- **About this task**
Print the lines in the listing below starting at the line with "children using technology" and ending at the line with "1609010270 849 Kim", both included. Reproduce them exactly and omit every picture.

- **Data supplied**
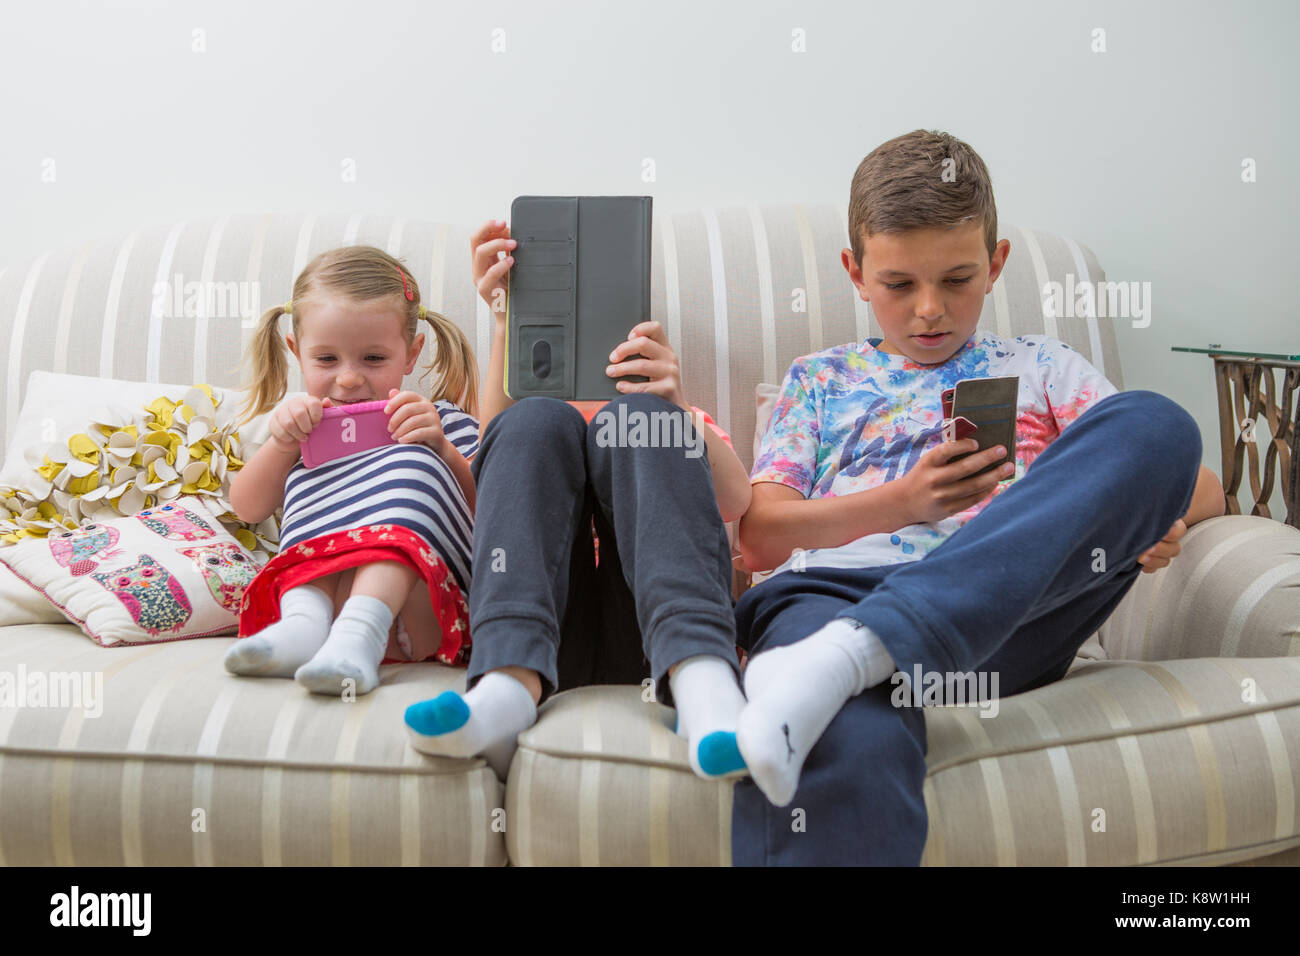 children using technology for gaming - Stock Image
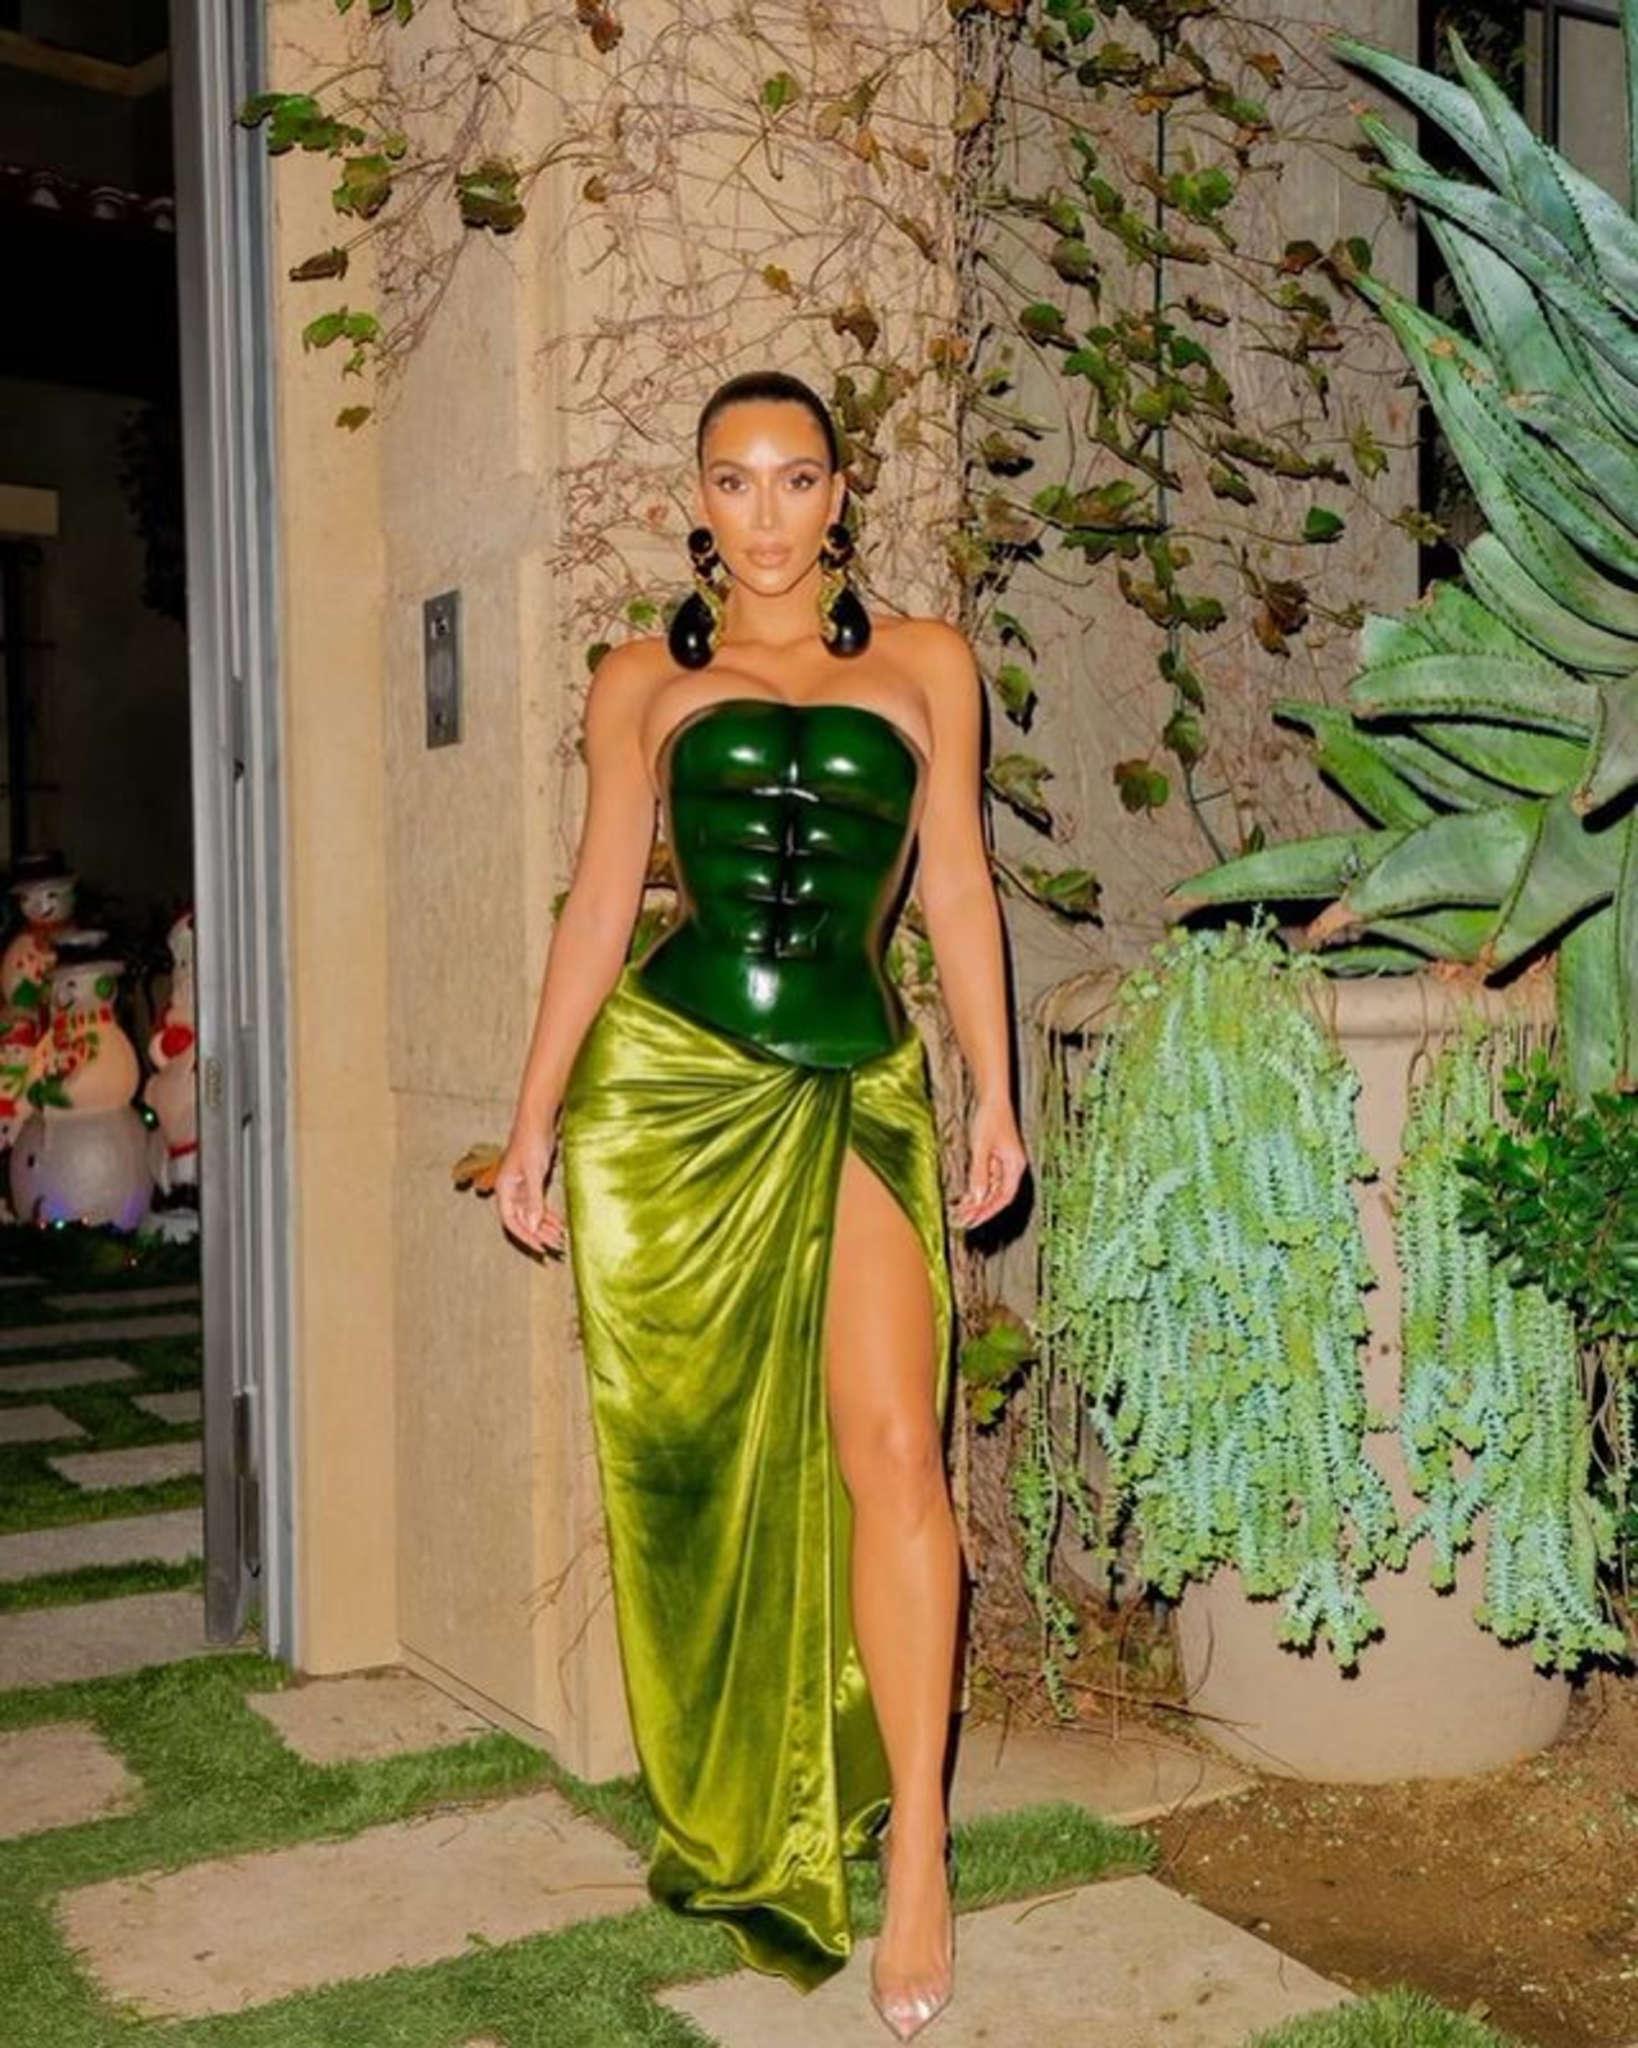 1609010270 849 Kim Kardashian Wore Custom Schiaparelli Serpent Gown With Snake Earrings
* * *
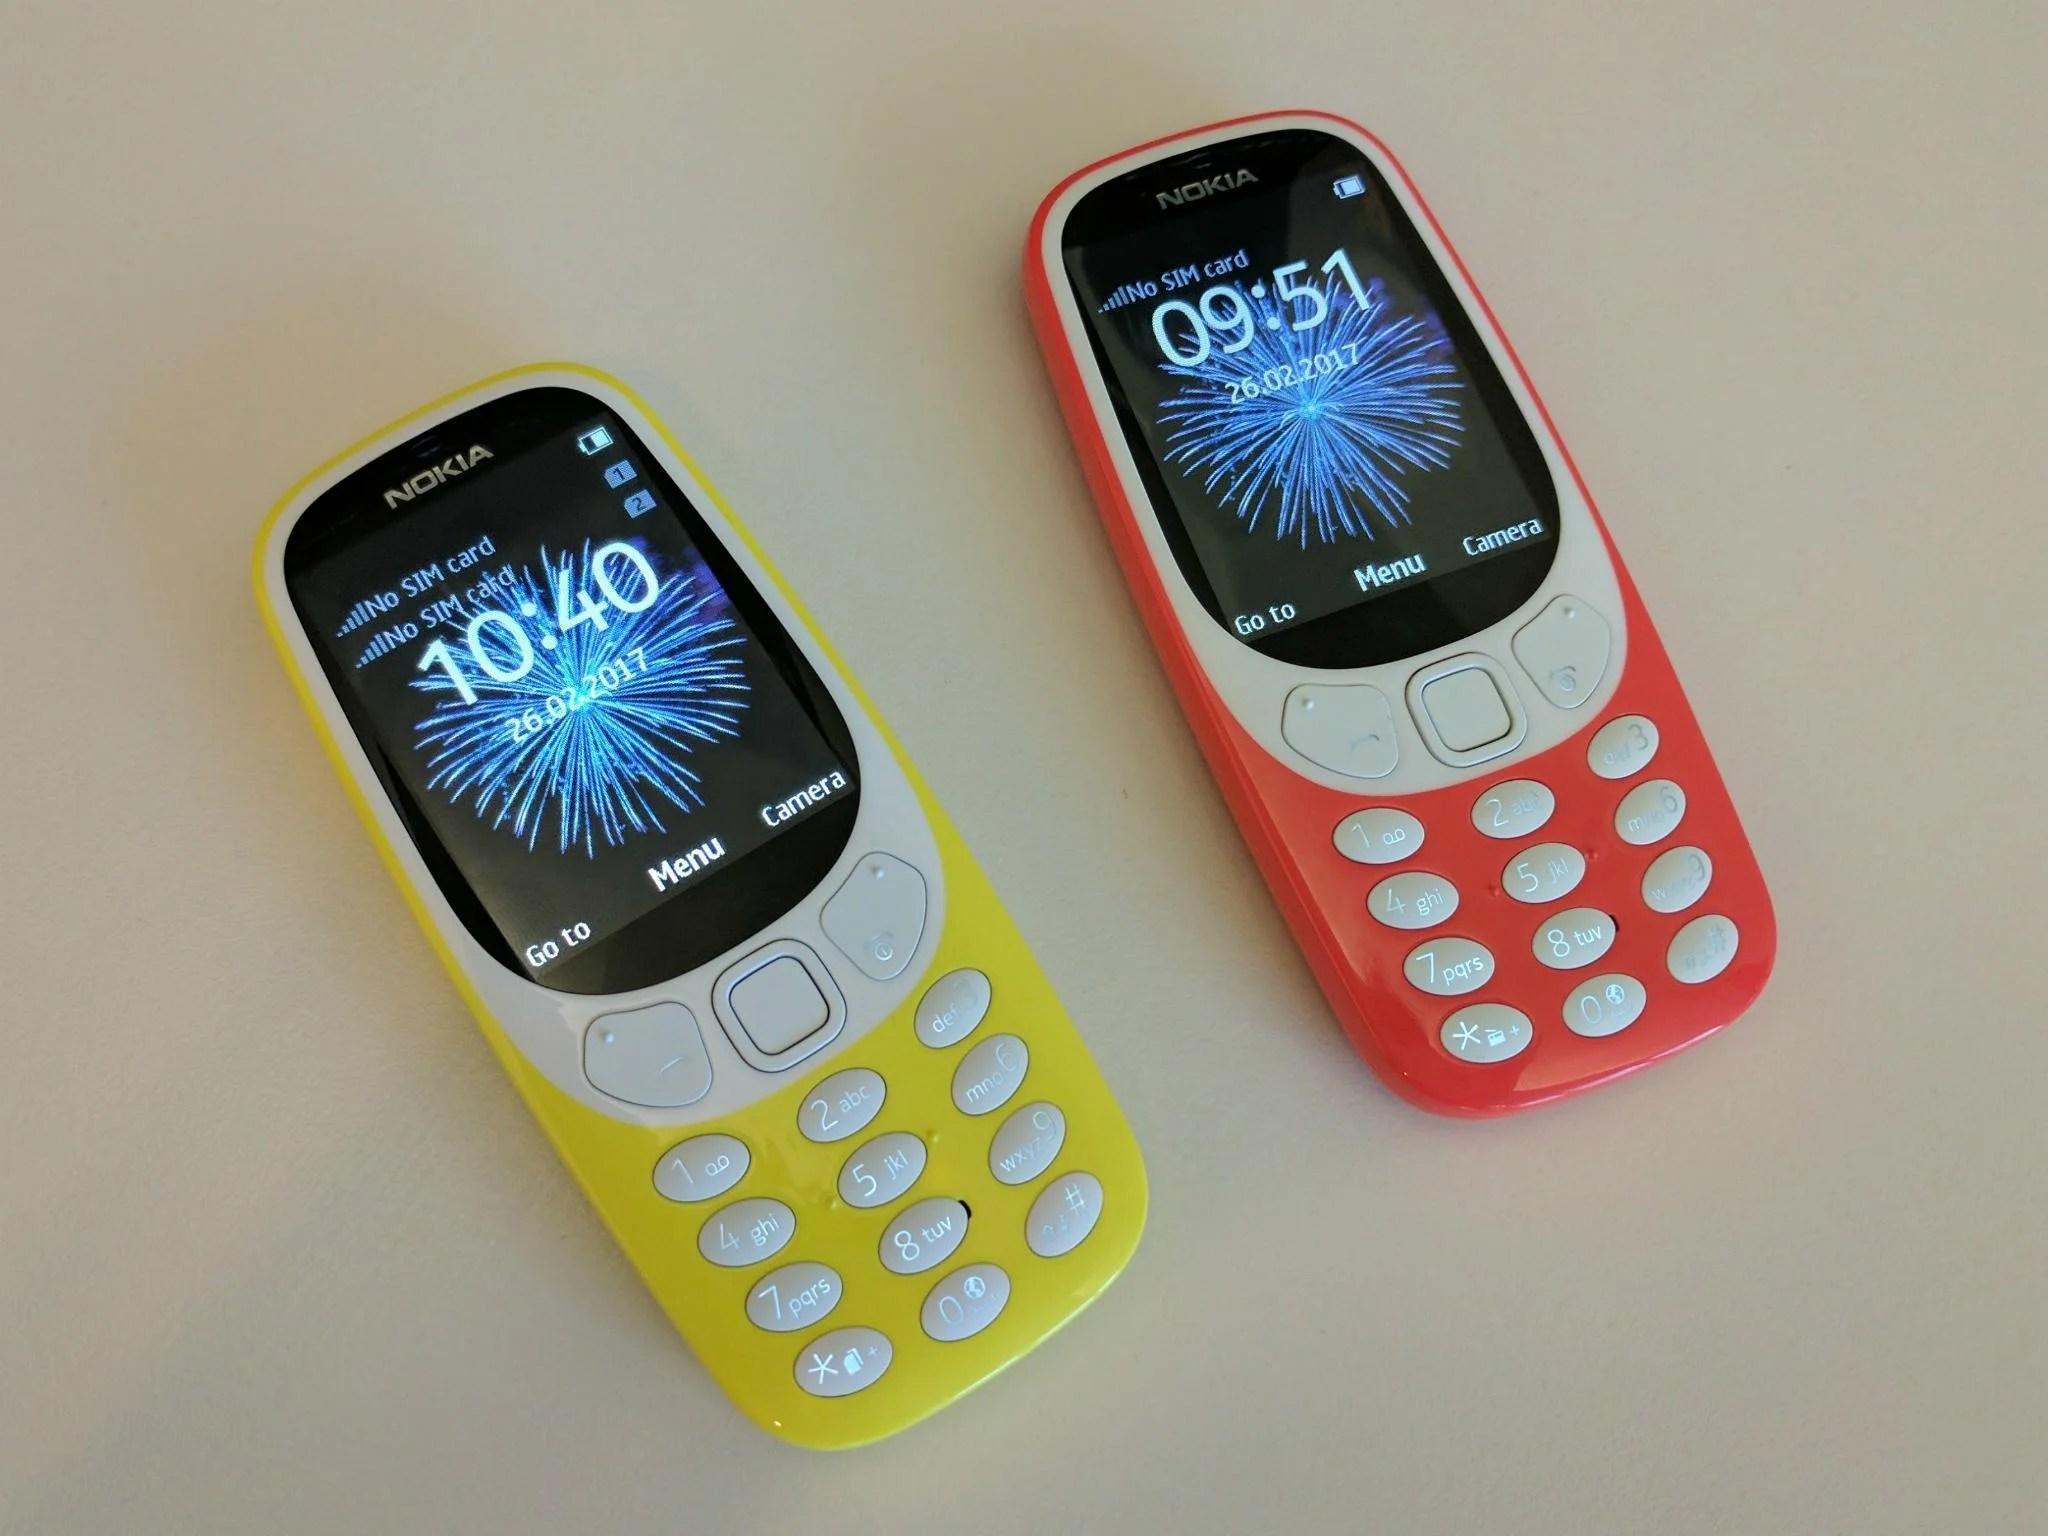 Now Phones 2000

- **Response**
 children using technology for gaming - Stock Image
 1609010270 849 Kim Kardashian Wore Custom Schiaparelli Serpent Gown With Snake Earrings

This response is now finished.